Critical Accounting Policies
In the notes to the audited financial statements for the year ended December 31, 2011 included in our
Form 10-K, the Company discussed those accounting policies that are considered to be significant in
determining the results of operations and our financial position. The Company believes that the
accounting principles we utilized conform to accounting principles generally accepted in the United
States of America.
The preparation of financial statements requires our management to make significant estimates and
judgments that affect the reported amounts of assets, liabilities, revenues and expenses. By their nature,
these judgments are subject to an inherent degree of uncertainty. On an on-going basis, we evaluate
estimates. We base our estimates on historical experience and other facts and circumstances that are
believed to be reasonable, and the results form the basis for making judgments about the carrying value of
assets and liabilities. The actual results may differ from these estimates under different assumptions or
conditions. With respect to revenue recognition, we apply the following critical accounting policies in the
preparation of our financial statements.
Revenue Recognition
The Company intends to generate revenue through the sale of its products on a private, commercial, and
industrial basis. Revenue from product sales is recognized at the time the product is shipped and invoiced
and collectability is reasonably assured. The Company believes that certain revenue should be recognized
as title passes to the customer at the time of shipment.
Going Concern
The Companys auditors have expressed an opinion as to the Companys ability to continue as a going
concern as a result of an accumulated deficit of $3,712,641 as of December 31, 2011 which increased to
$3,744,405 as of June 30, 2012. The Companys ability to continue as a going concern is subject to the
ability of the Company to realize a profit and/or obtain funding from outside sources.
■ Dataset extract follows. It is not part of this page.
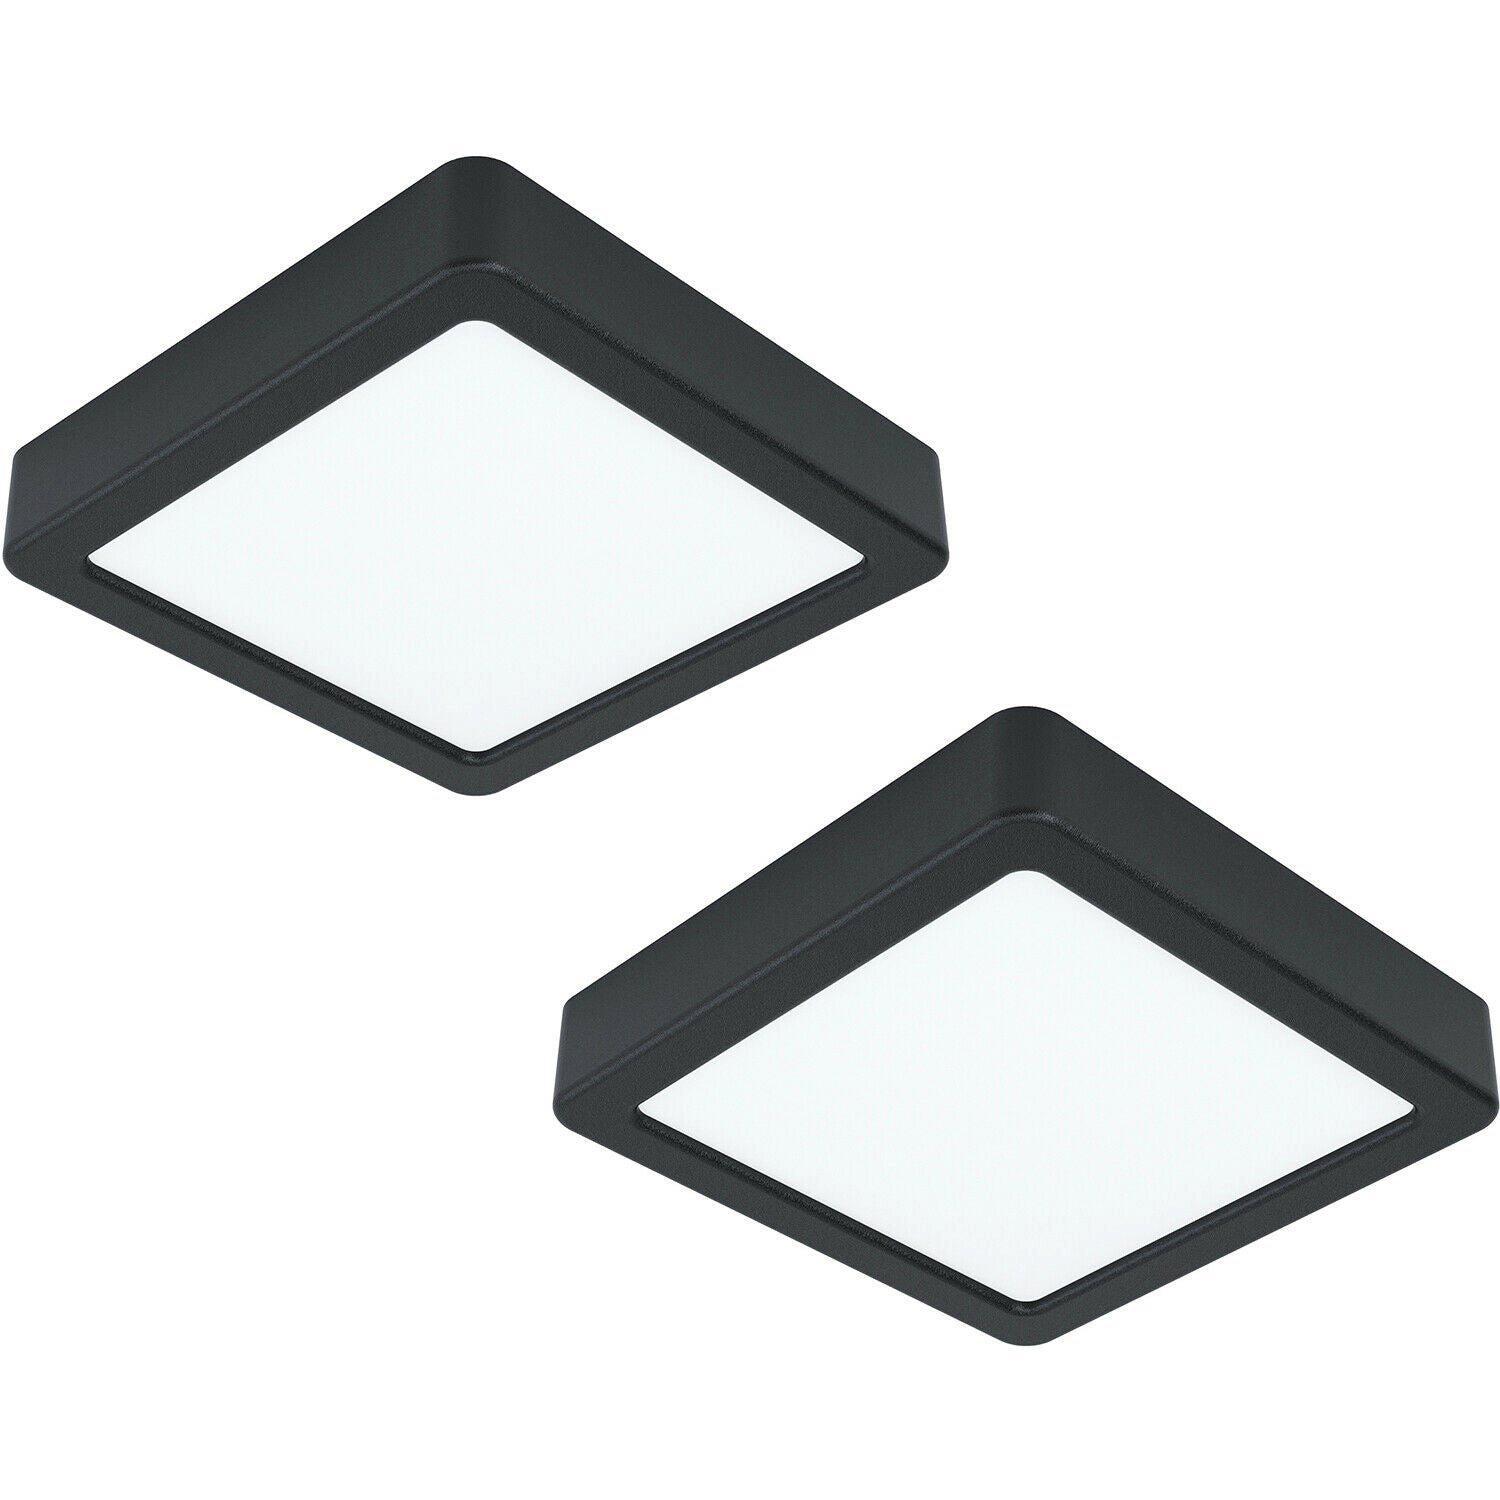 2 PACK Wall / Ceiling Light Black 160mm Sqaure Surface Mounted 10.5W LED 3000K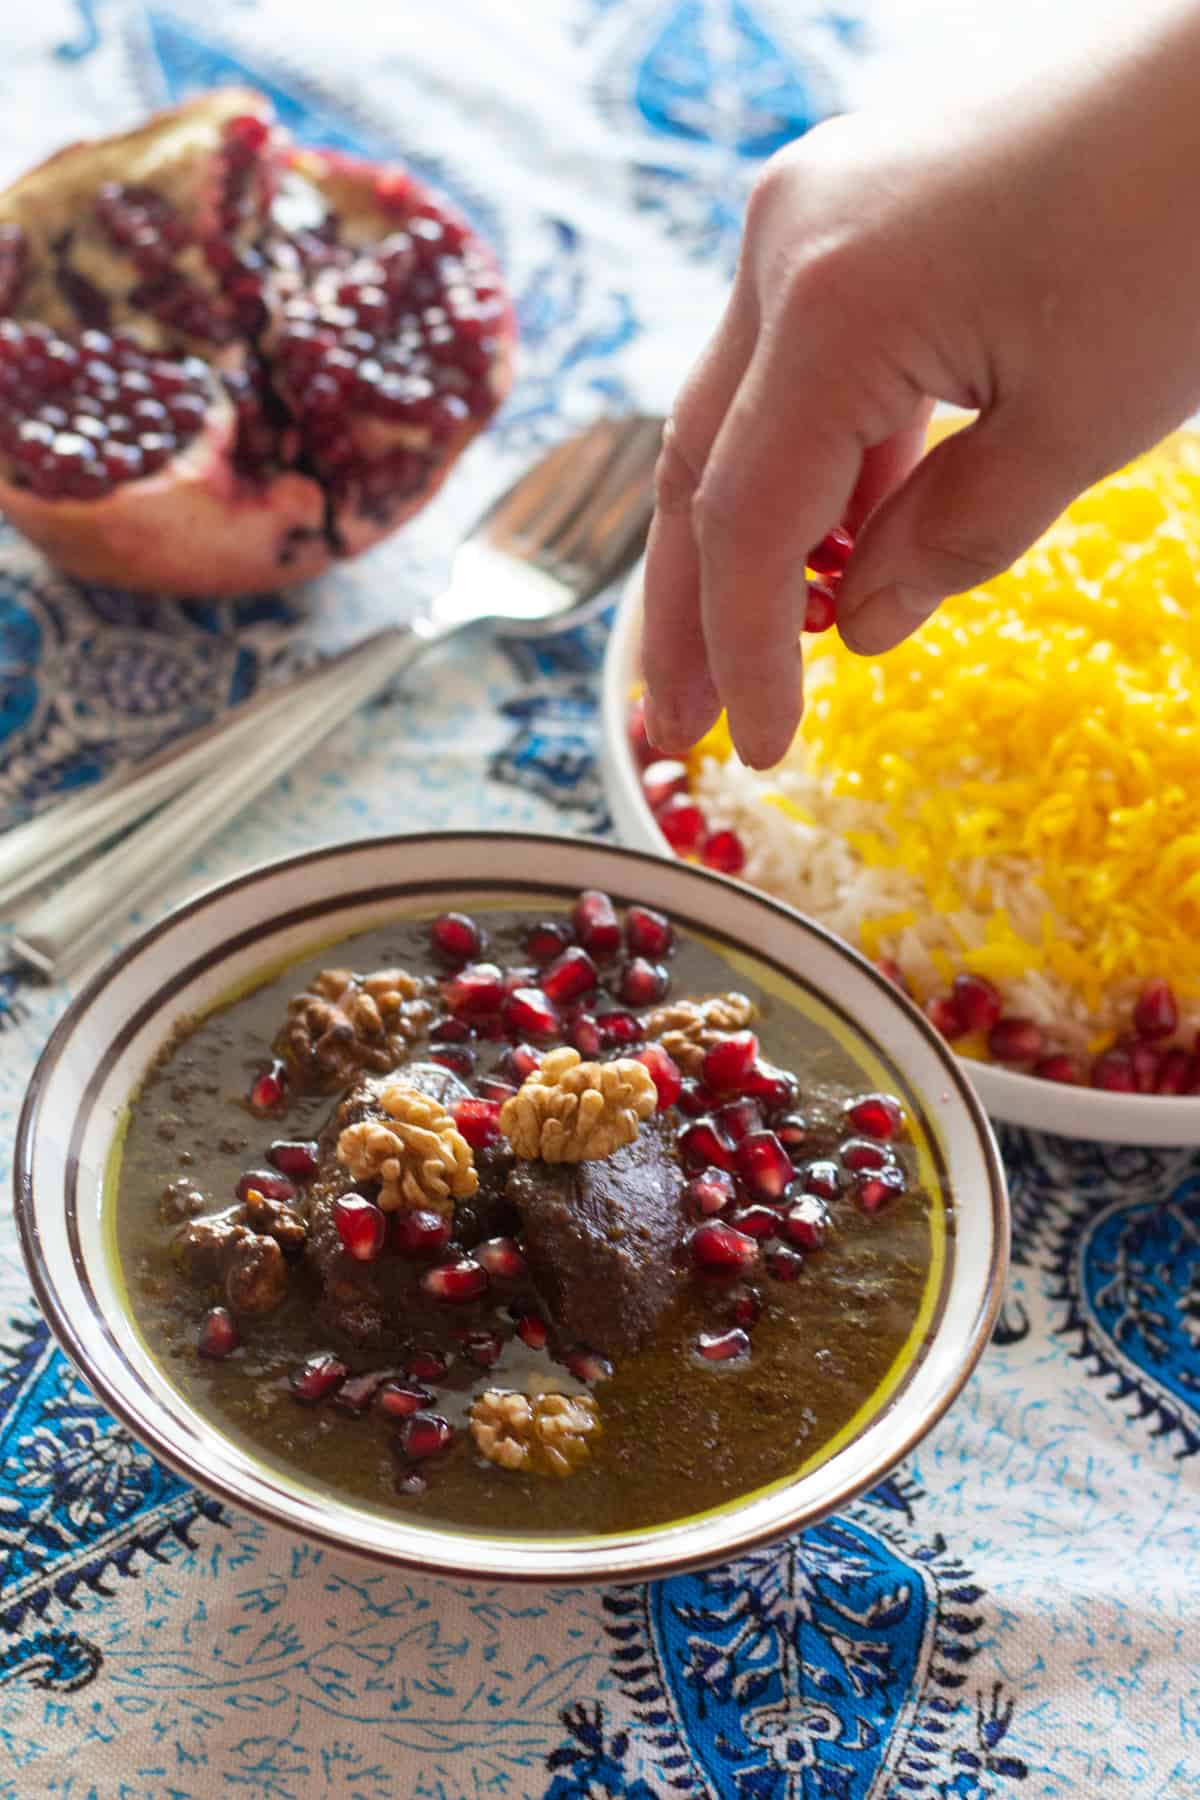 Fesenjan is a traditional Persian pomegranate and walnut chicken stew. It's sweet and sour with a rich nutty flavor and served over rice. The chicken is cooked in a rich walnut and pomegranate sauce until tender, making this a luscious and delicious meal.

Managements plan
to address the Companys ability to continue as a going concern includes: (i) obtaining funding from the
private placement of debt or equity; and (ii) realizing revenues from the sale of Wing Houses or
prospectively from the operations of EMP. Management believes that it will be able to obtain funding to
allow the Company to remain a going concern through the methods discussed above, though there can be
no assurances that such methods will prove successful.
Forward Looking Statements and Factors That May Affect Future Results and Financial Condition
The statements contained in the section titled Managements Discussion and Analysis of Financial
Condition and Results of Operations and elsewhere in this current report, with the exception of historical
facts, are forward looking statements. Forward looking statements reflect our current expectations and
beliefs regarding our future results of operations, performance, and achievements. These statements are
15
subject to risks and uncertainties and are based upon assumptions and beliefs that may or may not
materialize. These statements include, but are not limited to, statements concerning:
our anticipated financial performance;
the sufficiency of existing capital resources;
our ability to fund cash requirements for future operations;
uncertainties related to the growth of our business and the acceptance of our products and
services;
our ability to achieve and maintain an adequate customer base to generate sufficient revenues to
maintain and expand operations;
the volatility of the stock market; and,
general economic conditions.
We wish to caution readers that our operating results are subject to various risks and uncertainties that
could cause our actual results to differ materially from those discussed or anticipated including the factors
set forth in the section entitled Risk Factors included elsewhere in this report. We also wish to advise
readers not to place any undue reliance on the forward looking statements contained in this report, which
reflect our beliefs and expectations only as of the date of this report. We assume no obligation to update
or revise these forward looking statements to reflect new events or circumstances or any changes in our
beliefs or expectations, other than as required by law.
Stock-Based Compensation
The Company has adopted Accounting Standards Codification Topic (ASC) which addresses the
accounting for stock-based payment transactions in which an enterprise receives employee services in
exchange for (a) equity instruments of the enterprise or (b) liabilities that are based on the fair value of the
enterprises equity instruments or that may be settled by the issuance of such equity instruments.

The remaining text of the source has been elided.